7. The sensible heat fluxes can also be determined using the wind profile data. (see spreadsheet discussion at the end of the assignment)

    * Calculate the sensible heat flux using this approach for the same period as your EC analysis 
    * Compare the sensible heat fluxes obtained.
    * Assess the SEB closure again using these results (as above). 

8. Determine the probable errors in your results

9.	(MT49E) For one of the hours for which you have analysed EC data, download the raw 10 Hz data 
    * Calculate the sensible and latent heat fluxes. You will need to perform co-ordinate rotations. 
    * Calculate the Obukhov length for the same period. 
    * Compare your results to the pre-calculated heat fluxes (e.g. add data points to your previous graphs). 
    * Identify what corrections you have made to your calculations compared with other possible corrections you could have used (e.g. see Burba 2013; Kotthaus and Grimmond 2014). Consider the implications of these.

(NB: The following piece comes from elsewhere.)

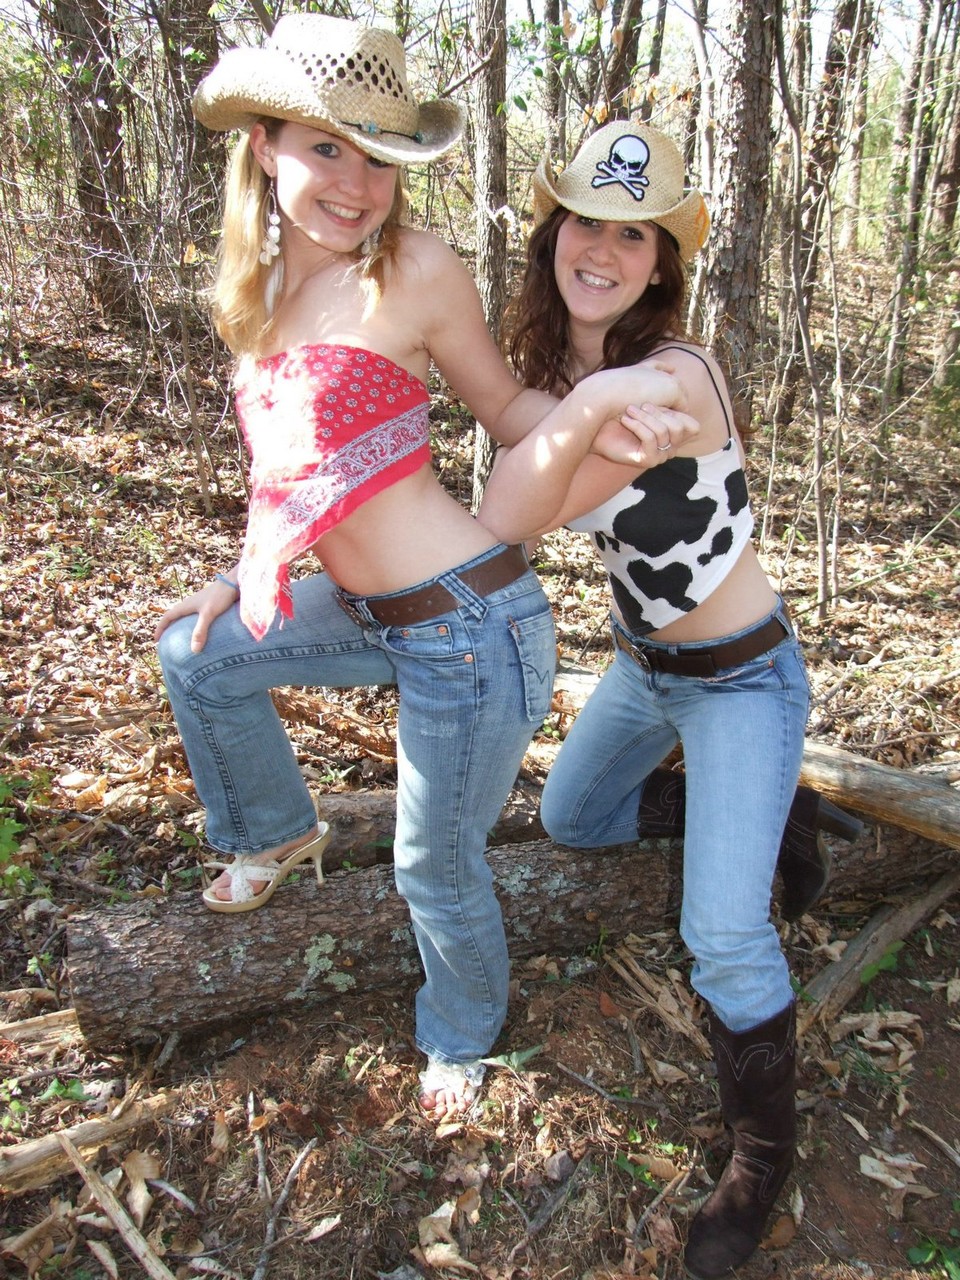 Cowgirl lesbians Kitty and Anna show their titties in the forest 포르노 사진 #427006705 | Teen Dreams Pics, Anna, Kitty, Jeans, 모바일 포르노

10. Systematically perturb $Q^*$, $Q_G$, canopy resistance rc, roughness length z0 in the Penman Monteith equation. Which uncertainty has the biggest effect on the estimated fluxes? Derive an overall estimate for the accuracy of the Penman-Monteith method for both $Q_E$ and $Q_H$. Do this by assuming reasonable errors in the parameters and variables. What is the impact of assuming neutral conditions versus actual stability conditions on the calculated value of ra? What error in the fluxes does this cause? How will this error vary for extremely unstable or stable conditions?

11. Convert your PM $Q_E$ estimate and your EC $Q_E$ estimate from $\mathrm{W \ m^{-2}}$ to evapotranspiration in $\mathrm{mm\ day^{-1}}$. Compare these rates to the rainfall in the period around your study period.